I applied contact 121 to the father-in-laws fezza a couple of weeks ago without issue, on and off easy as pie


----------



## Bod42 (Jun 4, 2009)

mrbig1 said:


> One day, I will try WOWO's suggestion of applying Crystal Sealant followed by Paint Sealant and Top it up with Contact 121 or Signature wax for amazing gloss and shine.


Fraser Ive heard of Crystal Sealant followed by Contact 121 but first time I've heard of putting Paint Sealant in between. Is this your ultimate recommendation?


----------



## Rob D 88 (May 24, 2016)

So I came out today after heavy rain last night and took this pic of the Mrs roof. After one week it still looks like it's been put on yesterday. I know it was hard work applying it but it certainly don't like water so it may be worth the hassle!


----------



## mdebeum (Sep 7, 2016)

@fozzy and Brian, thanks for the replies, see when I have time and the weather is at least dry and above freezing temperatures and gogo wowo! 

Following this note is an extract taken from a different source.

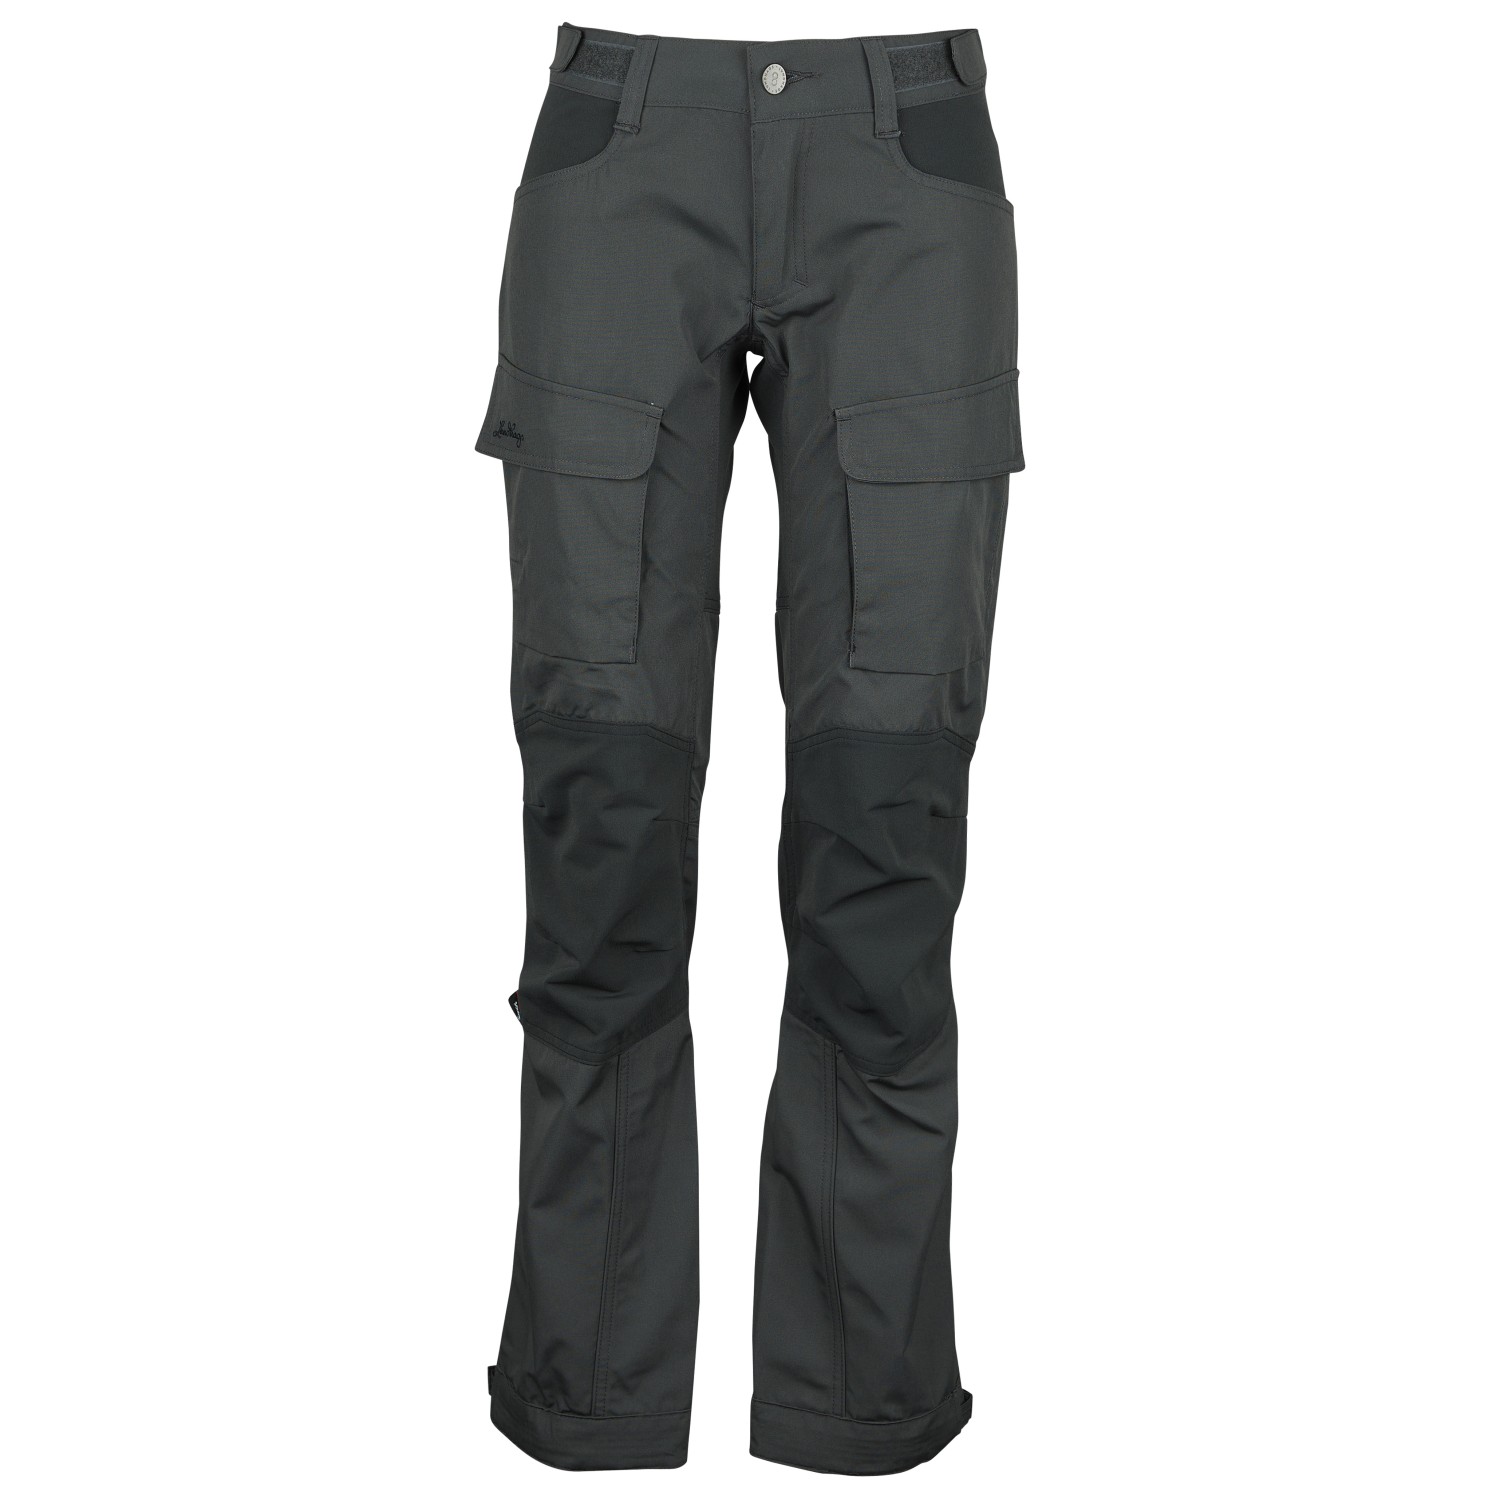 Трекинговые брюки Lundhags Women's Authentic II Pant, цвет Granite/Charcoal

Worst case scenario is I've got to wait till spring to apply


----------



## lis5662 (Sep 10, 2018)

Hello guys,
So how would be a better and simple method to apply Wowos Crystal Sealant for long durability

1) With two microfibers towels - one for buff on and two for buff off ?

2) Microfiber applicator for buff on and microfiber towel for buff on ?


----------



## euge07 (Jan 15, 2011)

lis5662 said:


> Hello guys,
> So how would be a better and simple method to apply Wowos Crystal Sealant for long durability
> 
> 1) With two microfibers towels - one for buff on and two for buff off ?
> ...


Option 1 but allow 2 cloths for application and 2cloths for removal


----------